### [Work request]
The reply should hold only the lines from the one with "Moderne Bildung auf" to the one with "Maurer Services LLC - Logo", both ends kept, exactly as they appear below, without any pictures.

### [Supplied material]
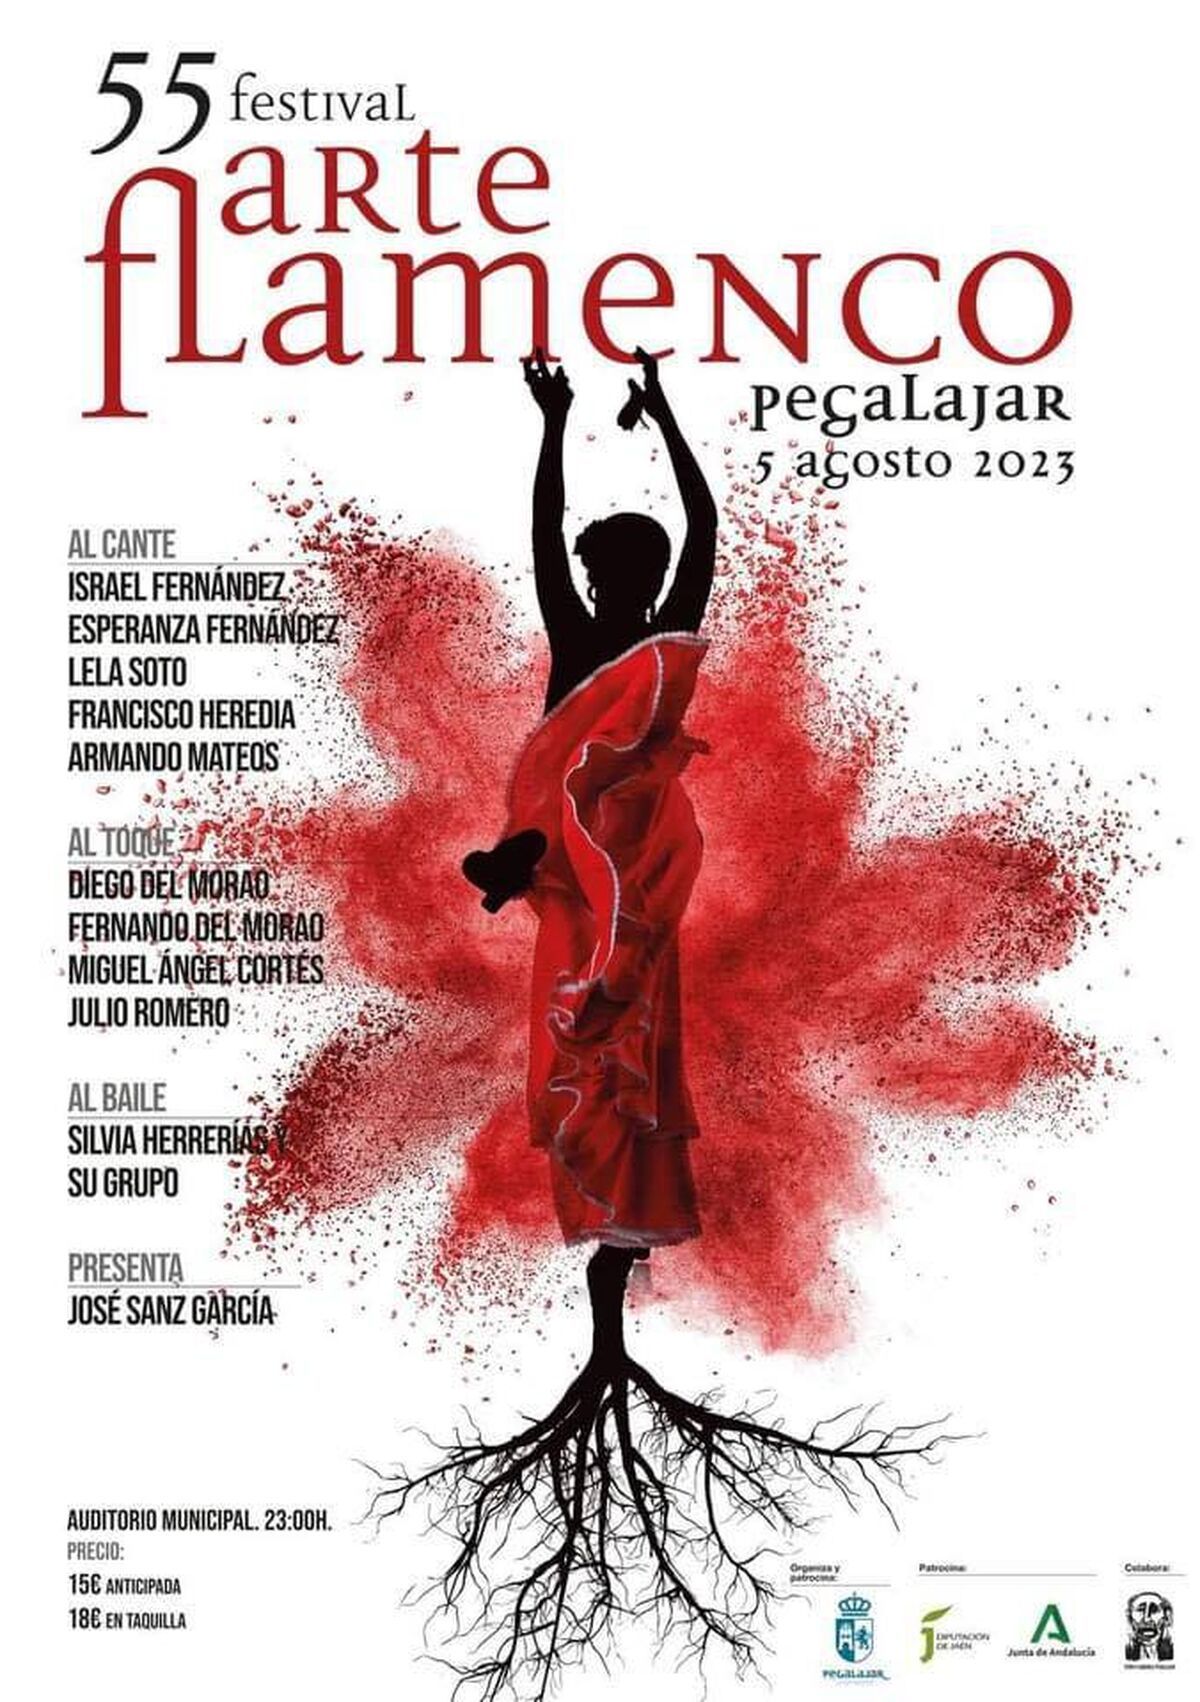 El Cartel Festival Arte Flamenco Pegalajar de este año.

* * *

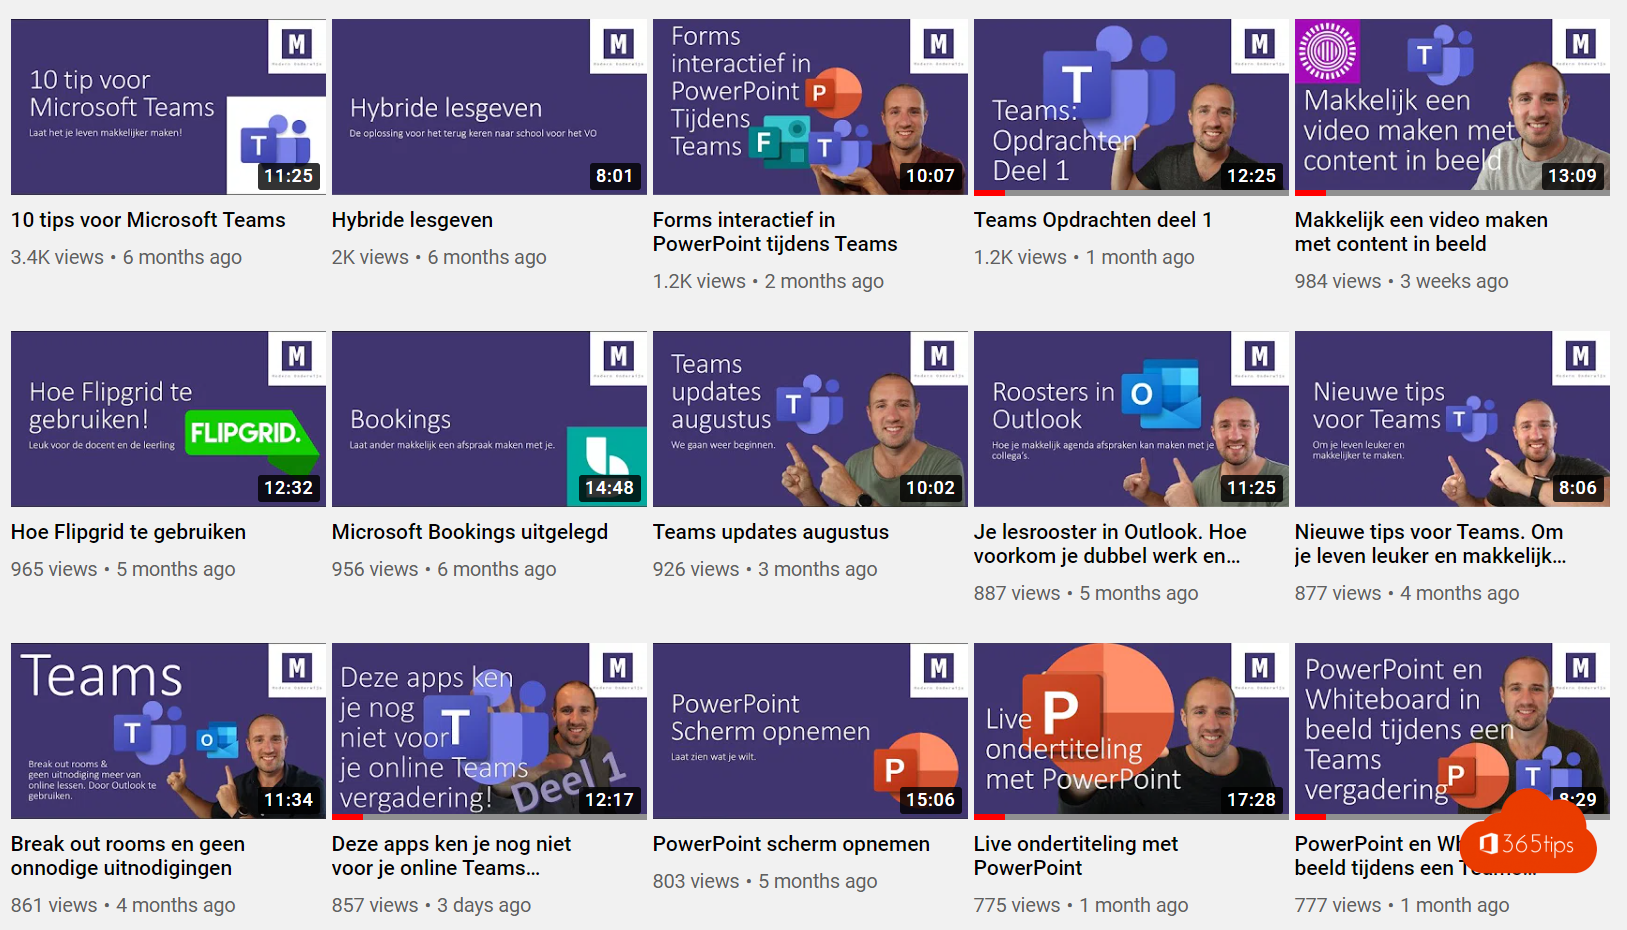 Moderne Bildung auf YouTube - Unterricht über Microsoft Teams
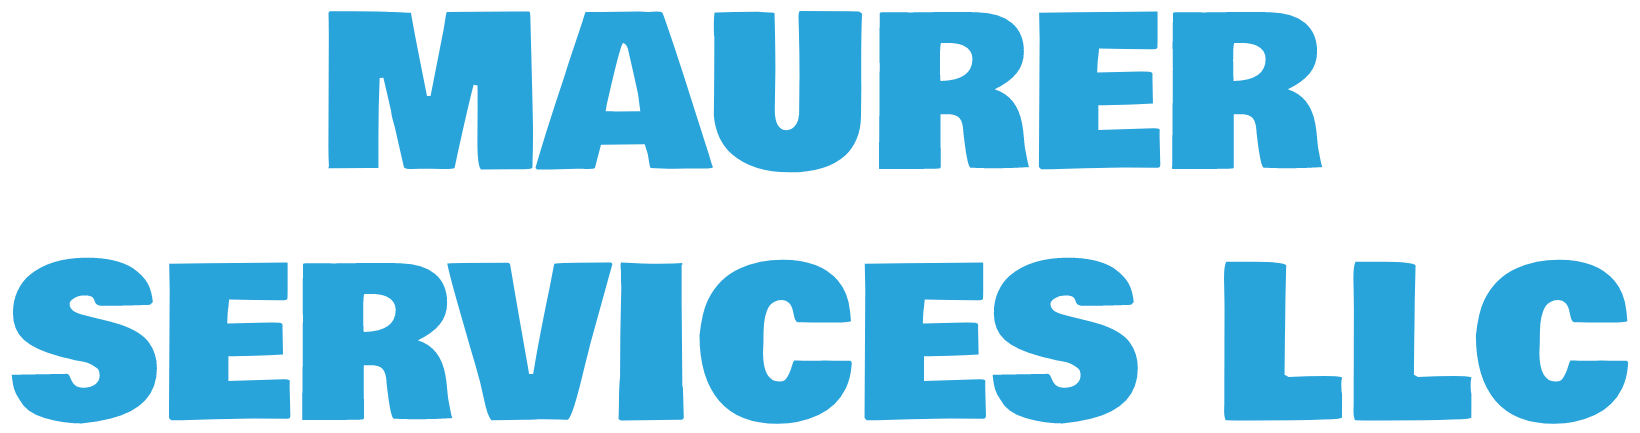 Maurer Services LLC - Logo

==

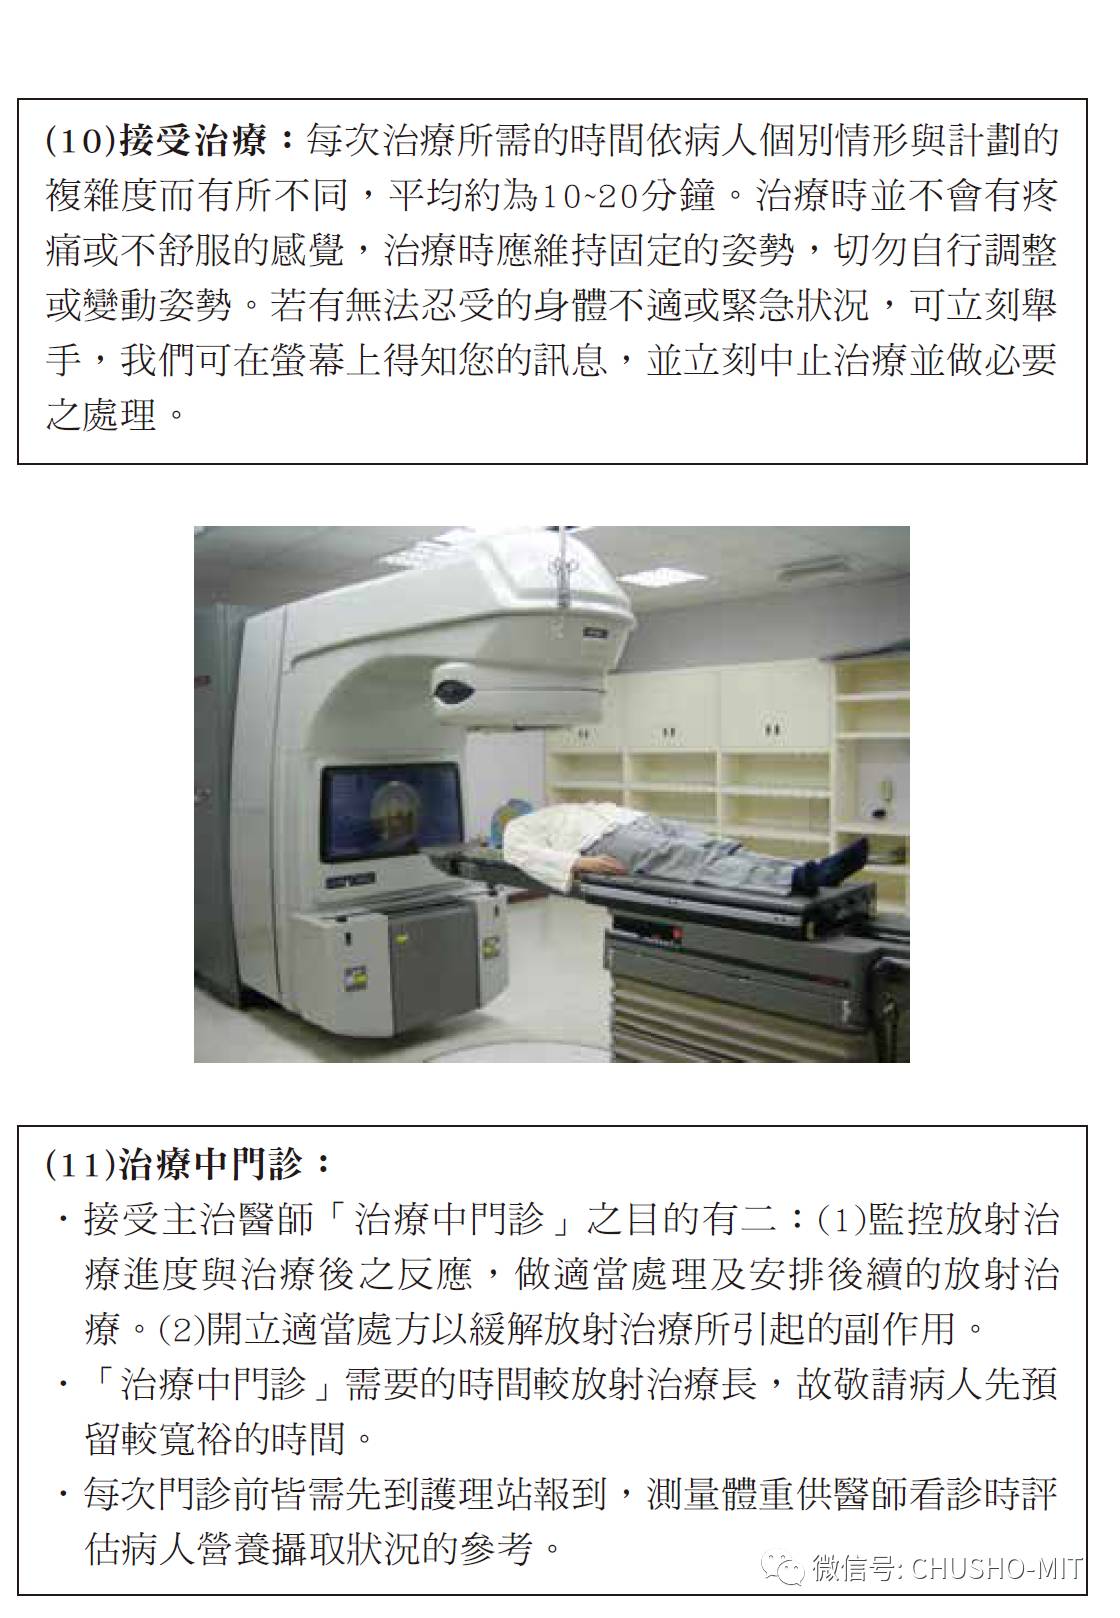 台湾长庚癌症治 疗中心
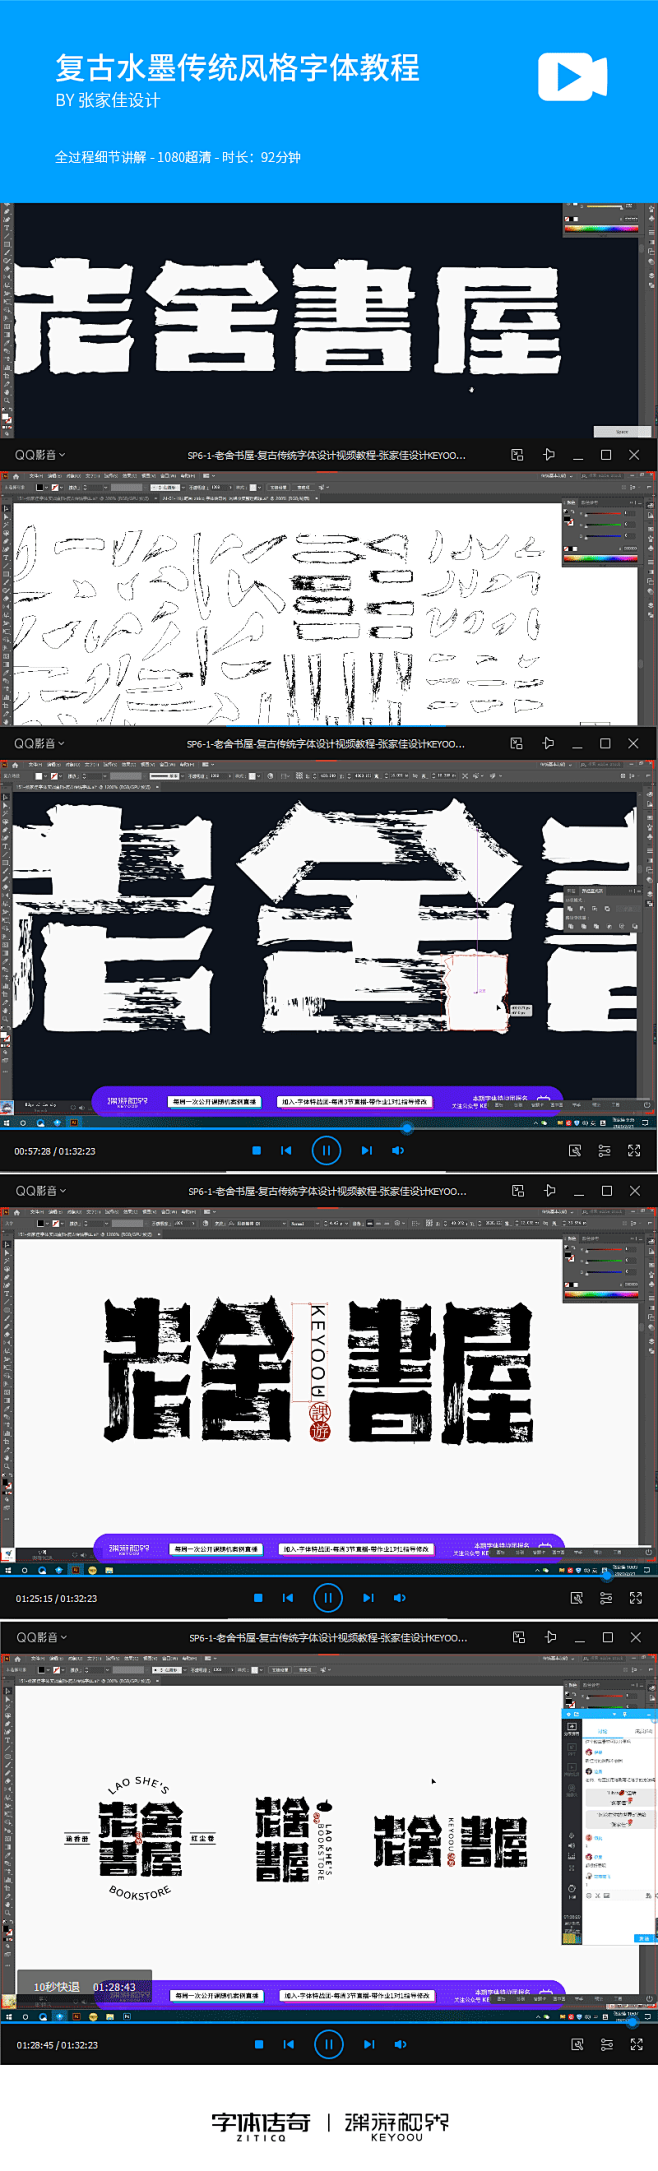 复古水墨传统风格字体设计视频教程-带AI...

### [Reply]
 Moderne Bildung auf YouTube - Unterricht über Microsoft Teams
 Maurer Services LLC - Logo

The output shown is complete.